What is art? Well, once upon a time in Paris, cheap garret apartments, shabby shops, and damp passages inconveniently lined the wrong bank of the Seine. From that obscure location, art launched a grand, nonstrategic offensive against the world’s “beliefologies,” attacking the mind through the senses, convolving the emotions, and bringing everlasting confusion to investors in “art as a long term financial instrument.” (Hey, I never said these are easy nano-contemplations!)

Our presumption is that cutting-edge art, which calls itself avant-garde, uses the unstructured side of the brain to provoke well-managed cognitive dissonances, to “leap and tumble” beyond their inherent thresholds of rational control. In our current terrestrial chapter of psycho-spiritual maturation, these aesthetic command posts of art-over-mind warfare have migrated into cyberspace, leaving the so-called warrior-priests of rational consciousness barricaded behind ramparts of once-sterile, software-savvy silicon--also known as computers.

This volume is inspiring--it’s just like listening to summary notes from clandestine reporting spies that broadcast from behind the lines (of pseudocode). The 12 authors of this volume are, as biblical spies of yore, politically incorrect catalysts of ongoing artistic warfare, autonomously conspiring to bio-energize the sterile information technology (IT) habitat of heartless, malevolent machines (again, known as computers). In simple language, this is a thought-provoking anthology, full of oblique lunges and tangential cuts at the very fabric of “tekno geekdom.” It is an impromptu merger of bureaucracies, all joining on a global cultural crusade (or jihad) to preserve sanity in a saline solution of boredom. Surely, art galleries and cultural museums should follow suit. (Nevertheless, first read on; later, you can turn the world over, set it straight, fold it into multidimensional origami, and refinance it as necessary.)

For my atypical review, I’ve included a metaphor and sample quotes from the book, for the illustrious reader to endlessly contemplate.

First, the metaphor: earthlings, on a family outing, find themselves lost in the postmodern cul-de-sac of sprawling globalization. Their propulsion vehicle is a jury-rigged hodgepodge of barely compatible systems. Their navigation sense is less than enlightened. Let’s listen in to their discussions as they vote to turn left or right, to walk or order a pizza, debate having a barbecue, and ponder other “learned” suggestions.

Next, creatively selected quotes serve to exemplify the book’s style: “The discipline is a new one; a medium perhaps still waiting for its time.” “A world seen through vector spectacles might prove a world seen anew.” And finally, “At the intersection between dailyness and dreaming, we will transcend.”

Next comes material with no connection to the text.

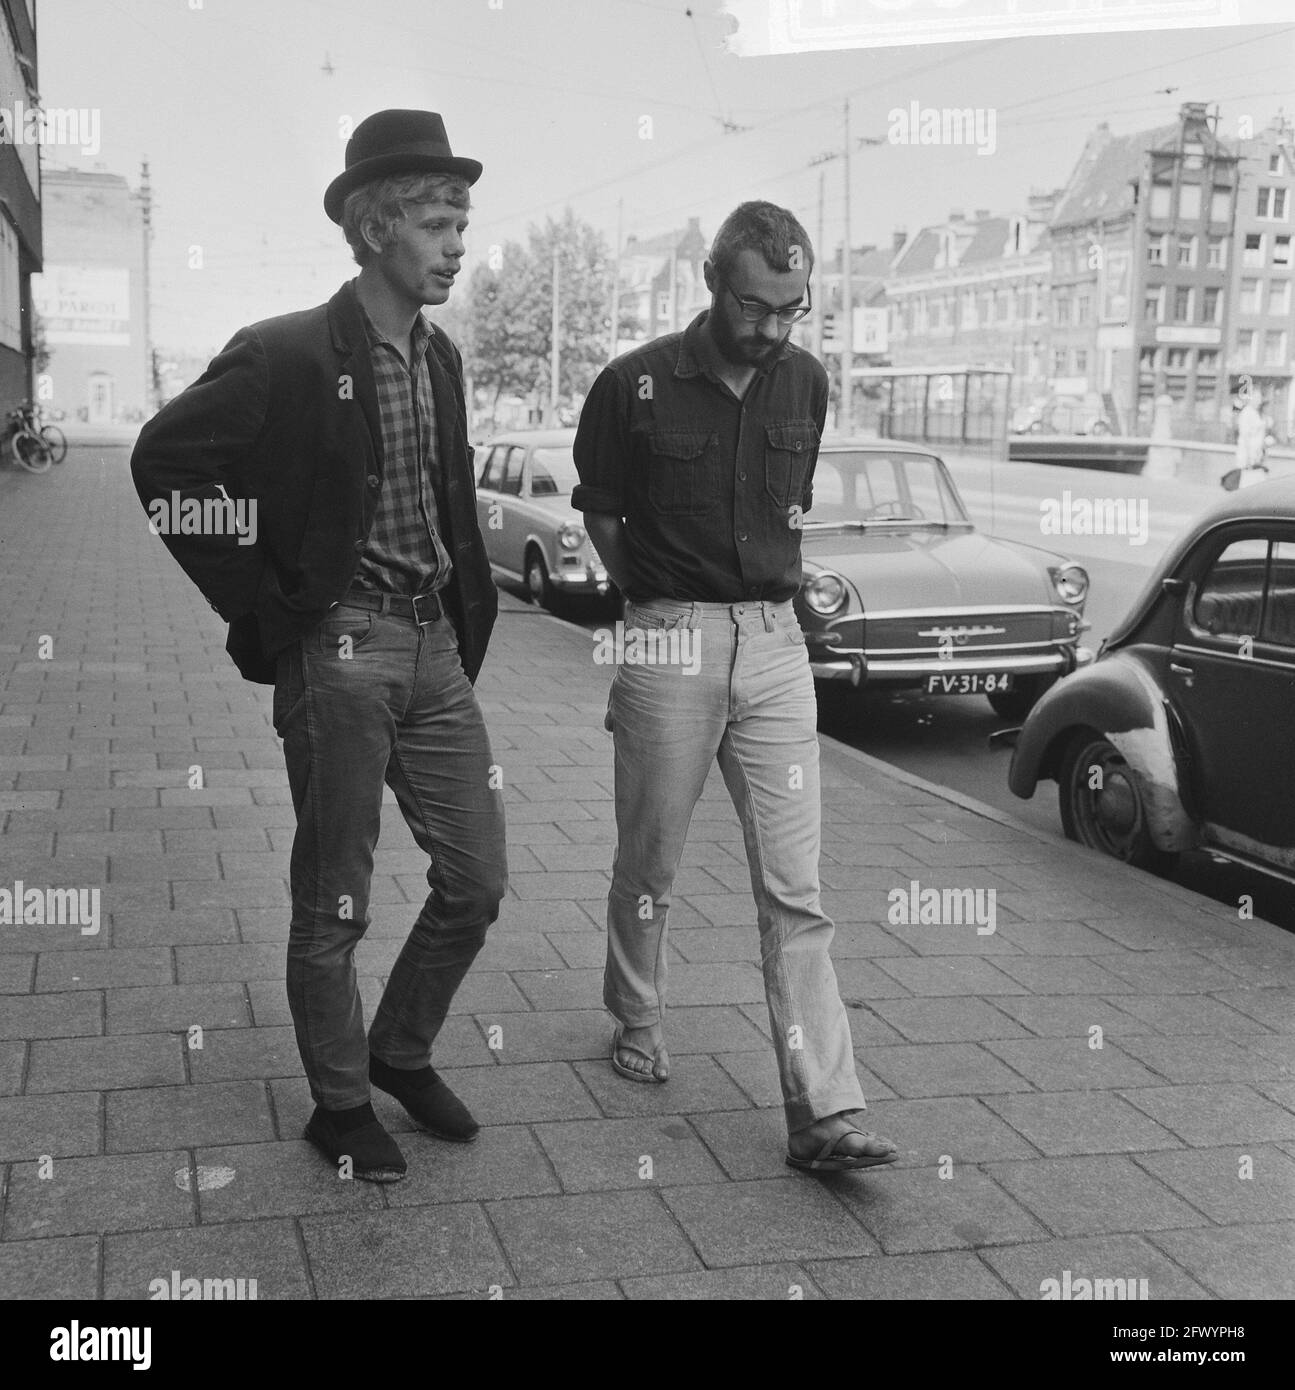 Rob Stolk (left, with bowler hat) and Roel van Duyn, August 14, 1965, activists, police, The Netherlands, 20th century press agency photo, news to remember, documentary, historic photography 1945-1990, visual stories, human history of the Twentieth Century, capturing moments in time Stock Photo

I’m sure the eventual third edition will exceed readers’ wildest expectations; it will, no doubt, be expanded to a coffee table over-sized format (from its current modest presentation) and include countless mind-boggling, breathtaking, jurisprudence-defying illustrations (all substantially absent from this second edition) drawn from the wellsprings of computers and art. But, alas, all these magnificent speculations are missing from this second edition, although it does include an enticing spectrum of bibliographical references.